For non-stick pans I'm (well, my wife is, mostly) currently using these Zwilling Madura Plus pans; they have a PFOA-free Duraslide granite non-stick coating, and I don't know what any of that means, but it works well!

I don't sense that these are super durable, but boy are they ever NON stick. They have some high-sided pans as well (I think we have the 9.5" and 11" high-sided pans) which are good for stir-fryish Asian-type cooking.

The prices bounce around, but I know we got a deal on Amazon.

I love my All-Clad (is it really 20 years old?), but I've glued my share of eggs to its surface.

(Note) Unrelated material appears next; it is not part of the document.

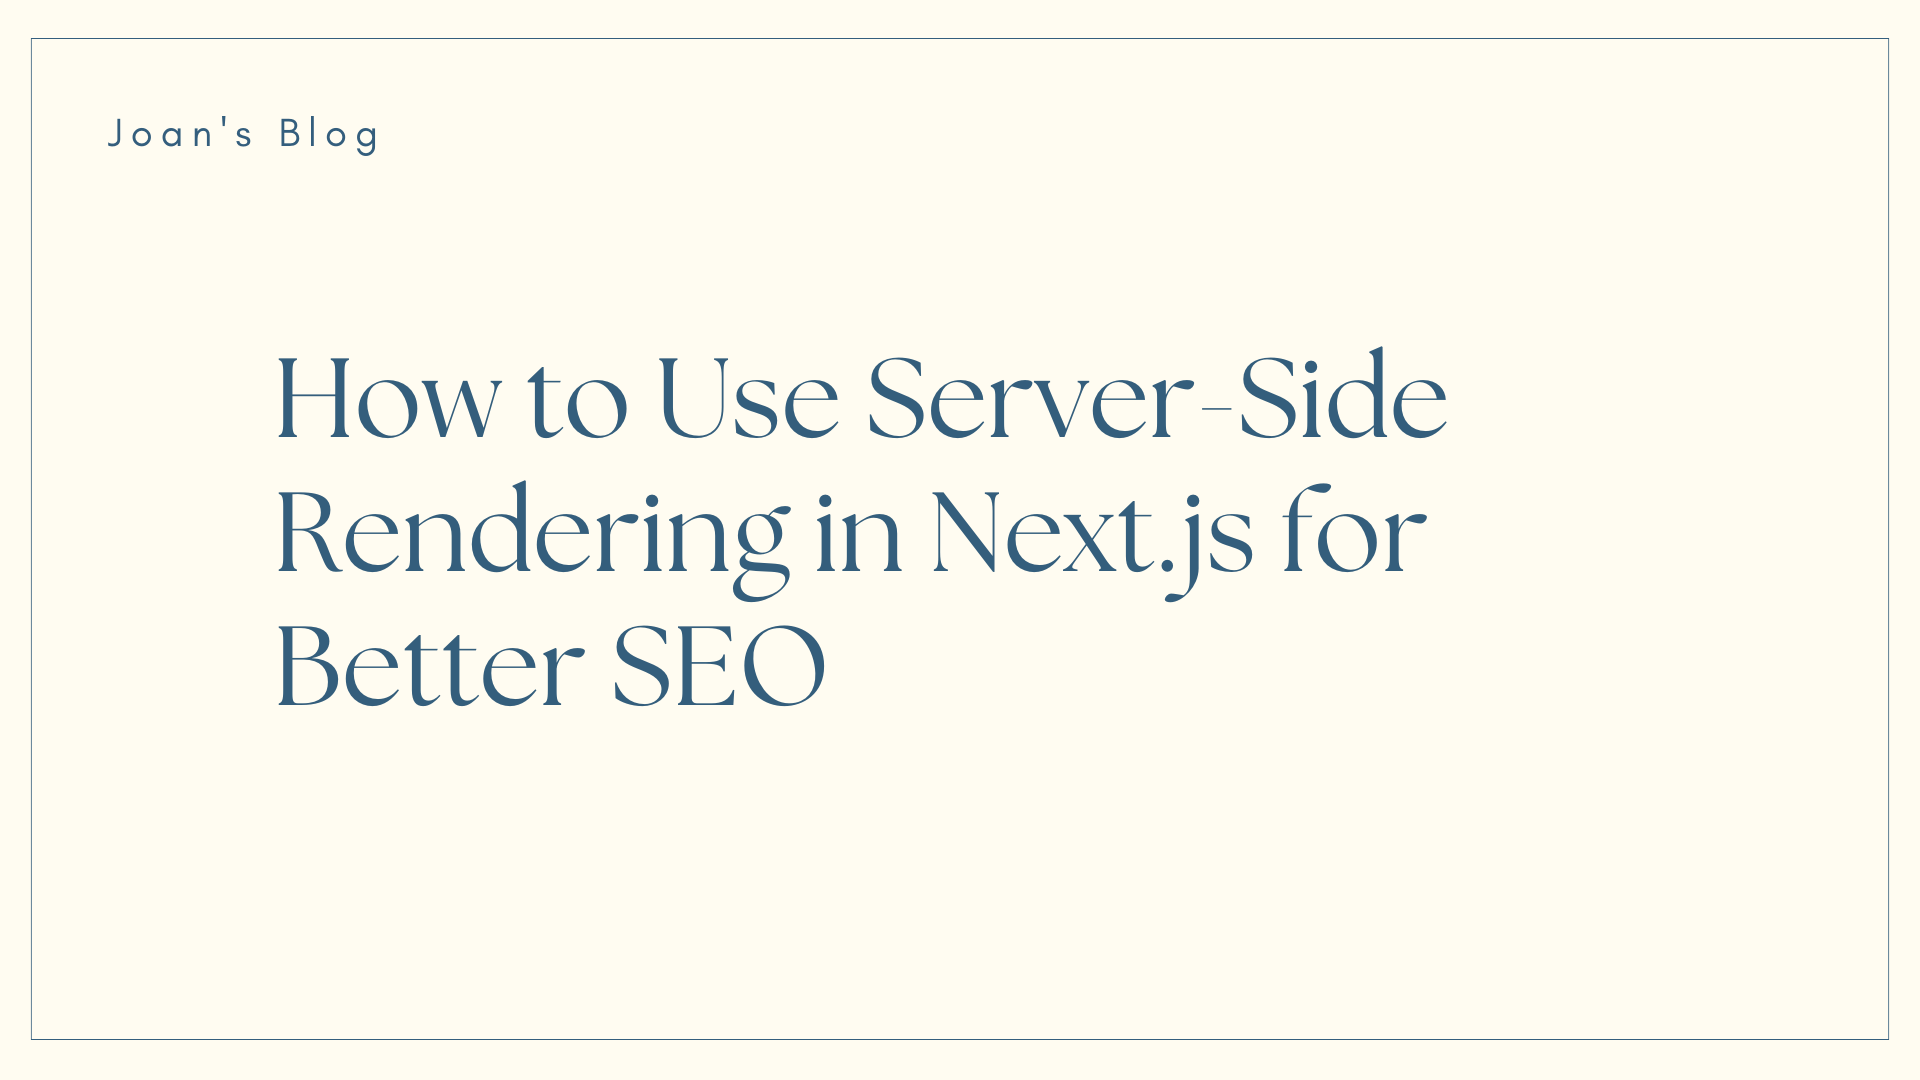 How to Use Server-Side Rendering in Next.js Apps for Better SEO

Anyway, one great thing about All-Clad is that you're not going to be using the same pan for five years, so it's an endless quest. One of these days I'll find a non-stick ceramic coating with really works (I've tried a few).

Oh, Zwilling link (but buy elsewhere, probably): https://www.zwilling.com/us/zwilling/cookware/madura-plus/

DH


----------



## David J. Cooper (Apr 26, 2010)

It’s All Clad for me. I still have 3 pieces of the original anodized aluminum pans. I have 10 or so other pieces. My advice is to save money and get the dt3 instead of the dt5 . I also like the new low price black anodized fry pan with non stick coating. I always place towels inside non stick pans to prolong their existence.

I also have Le Cruset and Staub Dutch ovens and some Lodge cast iron. Almost everything gets used fairly regularly. When we travel by car I always bring cookware with me. I am a sick man.


----------



## Oldsarge (Feb 20, 2011)

I think we're talking about different All-Clads. Mine is the Copper Core stainless 10" skillet. Non-stick it ain't but easy to clean? Man. And the way it caramelizes onions must be seen to be believed.


----------



## David J. Cooper (Apr 26, 2010)

Over the last 30 or so years All Clad has had many different metal sandwiches. The copper core is maybe the best. It’s one I don’t have.
Most of mine are stainless steel with aluminum cores. The dt5s I own are 5 layers of different alloys.


----------



## eagle2250 (Mar 24, 2006)

It has been said that the "old ways" are frequently the best ways and my memories of growing up in my mom's kitchen seem to support that perspective. As I recall she used several (two or three) cast iron skillets and a cast iron pot that I suppose today would be called a Dutch Oven. I watched her prepare a whole lot of breakfasts in those cast iron skillets, bacon and eggs cooked in the bacon grease, and I cannot recall ever seeing an egg stick in those cast iron skillets. I've been told it's all about the seasoning, but truth be known, I've destroyed many eggs cooking them in my cast iron skillets. However, the enameled interior surfaces of our Le Crueset cookware doesn't incite as much sticking. I wish I had been smart enough to hang on to my mom's pans!


----------



## Oldsarge (Feb 20, 2011)

There is a great deal to be said in favor of cast iron. I have a collection, both plain and enameled. In fact, I may so many that they outweigh me!


----------